While optical networks have the advantage of broadband transmission, they are difficult to install (whether for economic or technical reasons), poor mechanical properties, and difficult to maintain stable operation due to deterioration due to aging.

Among the elements that make up the optical network, the equipment such as the optical multiplexer is installed in a relatively stable environment such as a separate management room or inside the enclosure. In recent years, an element management system (EMS) capable of efficiently managing the configuration equipment It is relatively easy to monitor and manage. On the other hand, most of the light lines are exposed to the harsh outdoor environment, and in general, maintenance experience and installation environment (light lines are mainly buried in the ground, considering the arrangement of other underground structures such as gas pipes and water pipes) The technicians with coping skills are able to cope with the situations after they are aware of the situation. However, there are difficulties in monitoring and maintenance due to the lack of skilled technical manpower.

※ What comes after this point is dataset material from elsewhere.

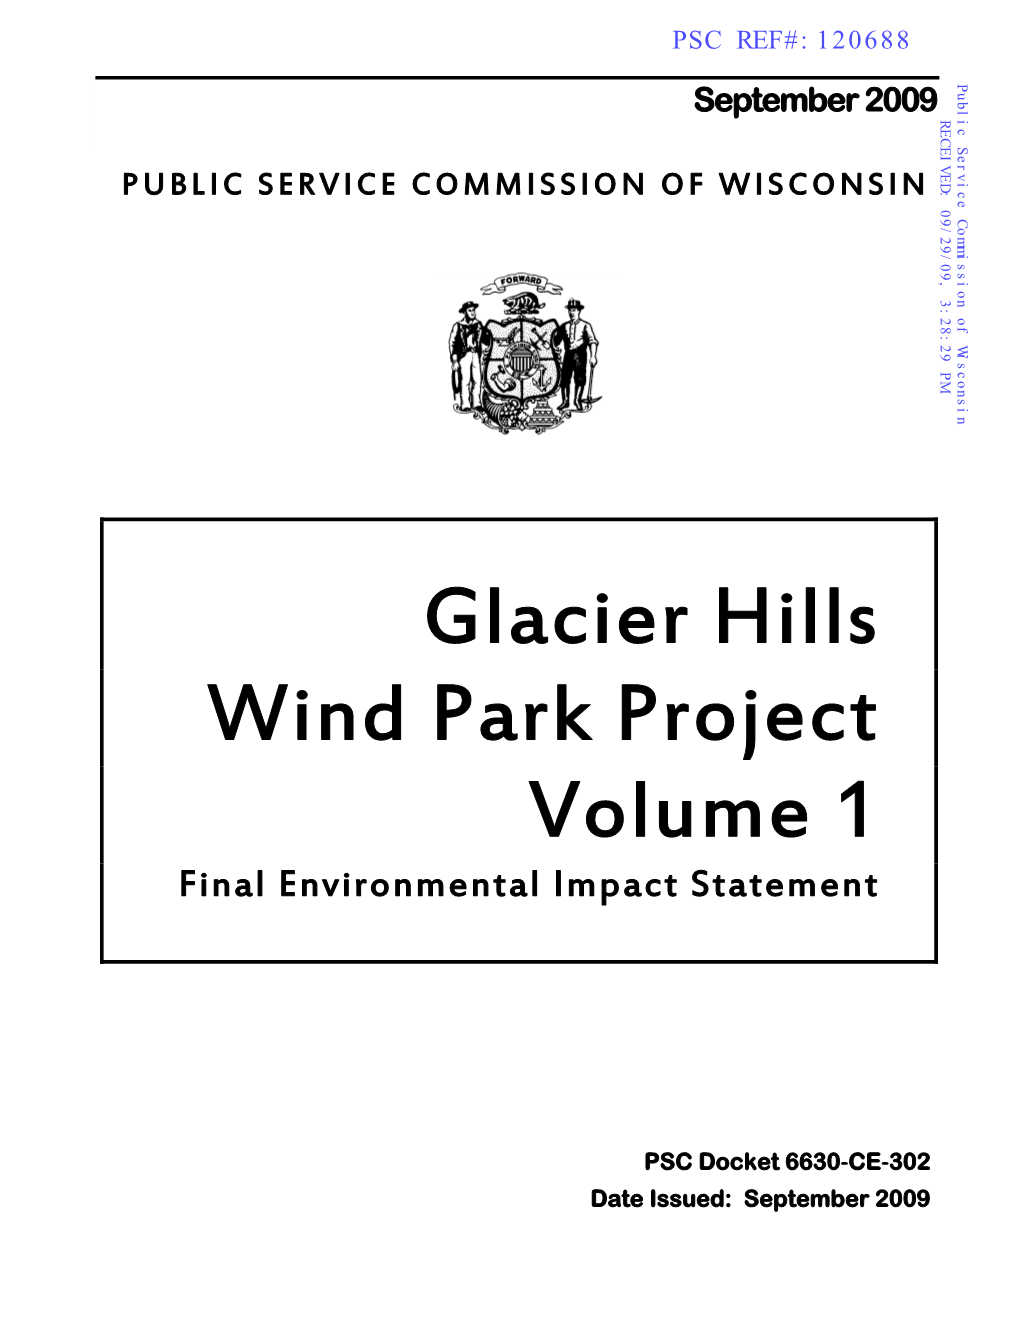 Glacier Hills Wind Park Project Volume 1 Final Environmental Impact Statement

Therefore, it is recognized the importance of optical line monitoring, and optical line monitoring system is being introduced for stable operation and maintenance of the line. Patent Document 1 discloses such a conventional optical line monitoring system, and FIG. 1 is a conceptual diagram of a conventional optical line monitoring system.

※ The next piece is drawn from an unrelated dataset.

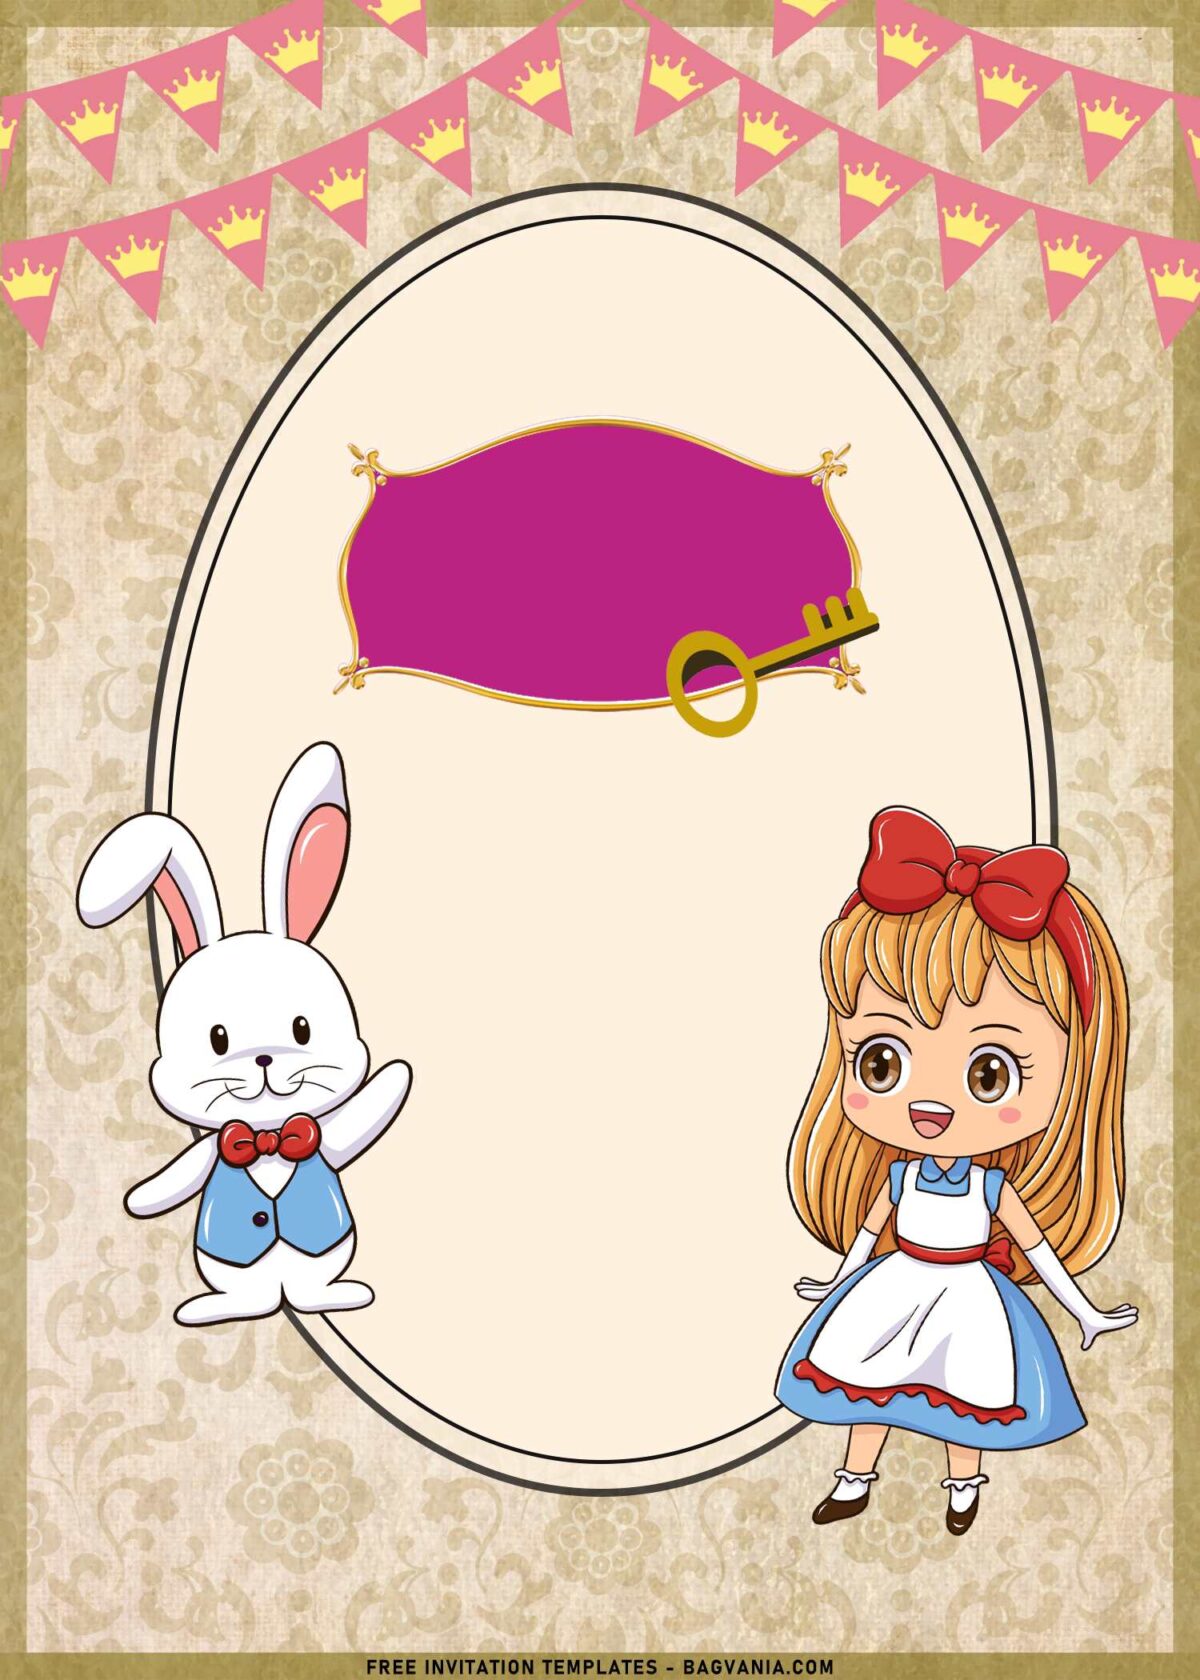 7+ Vintage Alice In Wonderland Birthday Invitation Templates with cute white rabbit

The conventional optical line monitoring system is provided with a WDM (wavelength division multiplexing) coupler (not shown) for the optical line terminal 1, the optical distributor 2, the optical network unit 3 and the optical network terminal 4 constituting the existing optical network system 5, a monitoring device 6, and a control unit 7, and selectively monitors the presence or absence of an optical path by connecting the monitoring device 6 to the optical line.

The optical line terminal 1 is provided in a central base station such as a telephone office to transmit an optical signal to the optical distributor 2 and is transmitted from the optical distributor 2 to the optical network unit 3 or the optical network terminal 4, the optical signal is transmitted to the end 8 of the optical network. Considering the transmission of the optical signal in the opposite direction, the optical signal transmitted from the at least one optical network unit 3 or the optical network terminal 4 to the optical splitter 2 is transmitted to the central base station via the optical line terminal 1 do. The optical line terminal 1 may include a multiplexer (not shown) for transmitting signals of a plurality of wavelength bands together. In this case, the optical distributor 2 may multiplex the multiplexed And a demultiplexer (not shown) for transmitting the optical signal to each optical network unit 3 or the optical network terminal 4 by branching for each wavelength.

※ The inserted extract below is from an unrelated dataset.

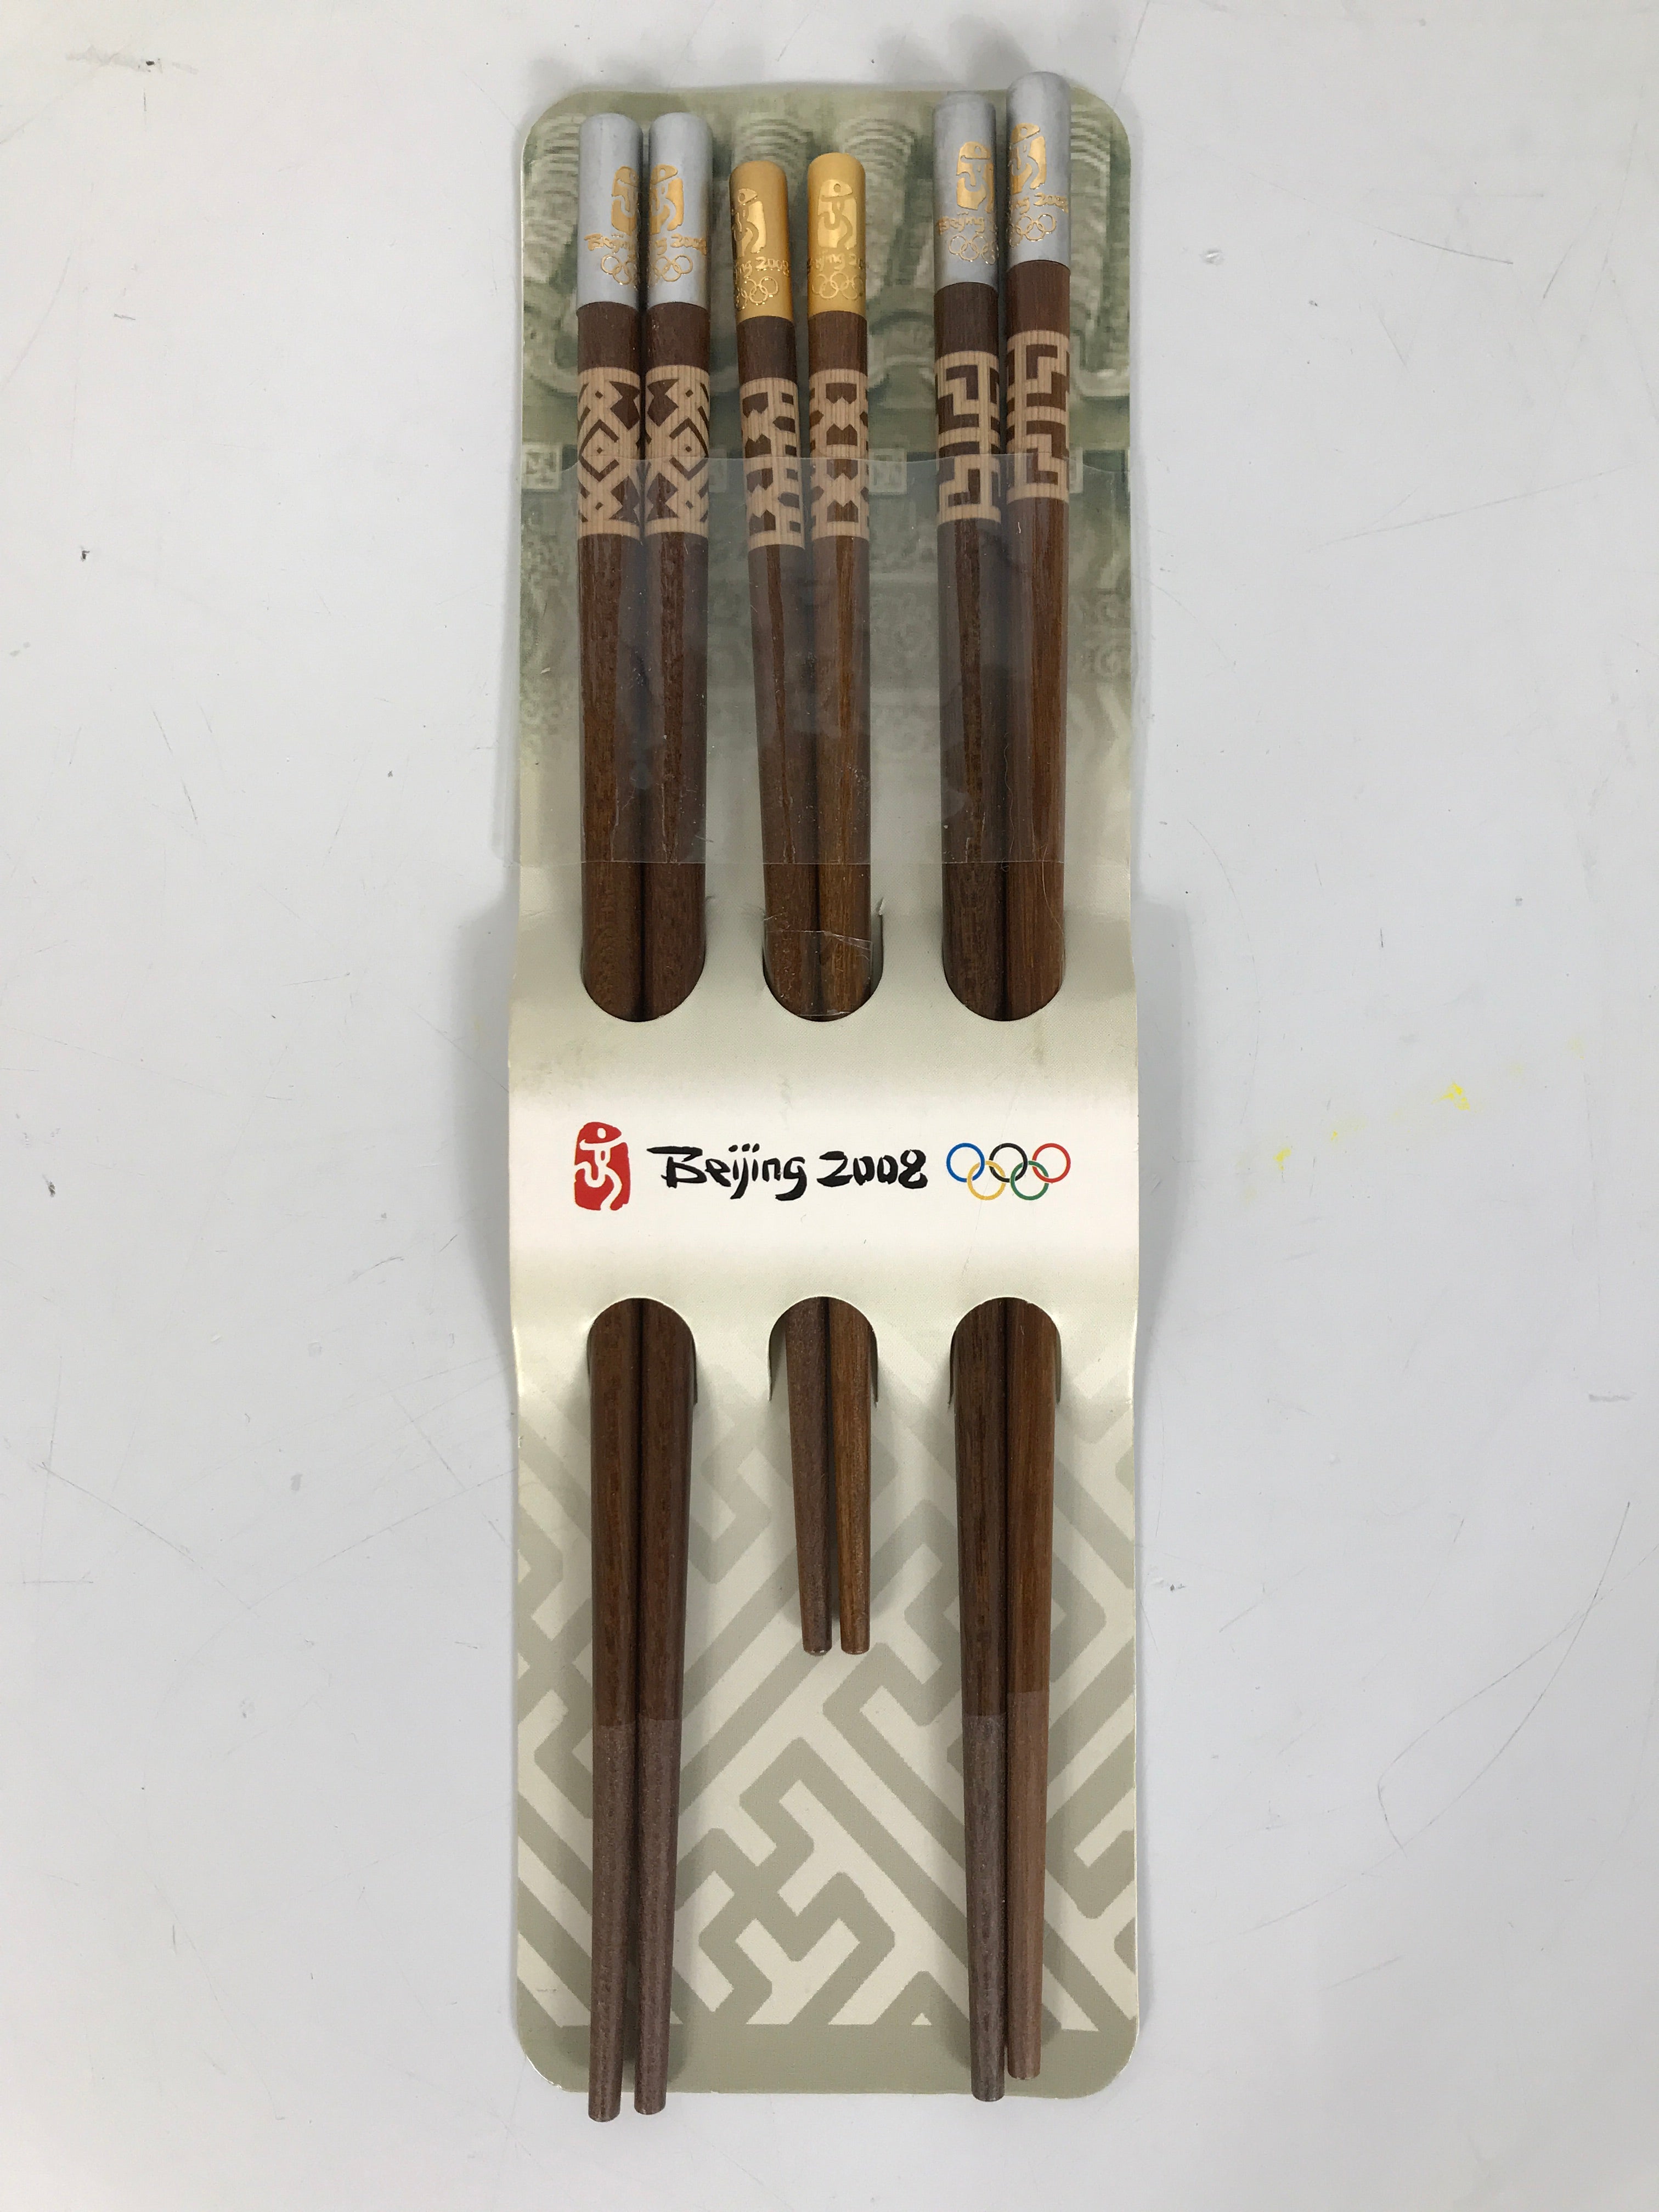 Beijing 2008 Olympics Commemorative Chopstick Set *New*

The conventional optical line monitoring system is provided with a monitoring function for the existing optical network system. The conventional optical line monitoring system includes a WDM coupler 5 provided between the optical line terminal 1 and the optical distributor 2 of the existing optical network system, And a control unit 7 connected to the monitoring device 6 and the monitoring device 6. [ Such a conventional optical line monitoring system generates monitoring light having a different wavelength from the signal light (light including data transmitted through the optical line of the existing optical network system) in the monitoring apparatus 6 (when the wavelengths of the signal light and the monitoring light are the same (Not to be able to separate the monitoring light to be transmitted to the monitoring device), coupling it to the optical line of the existing optical network system through the WDM coupler 5, and transmitting the scattered light from the monitoring device 6 via the optical line of the existing optical network system Or reflects the surveillance light, and calculates the point where the obstacle has occurred in the optical line depending on the degree of scattering or reflection of the surveillance light in the control unit 7.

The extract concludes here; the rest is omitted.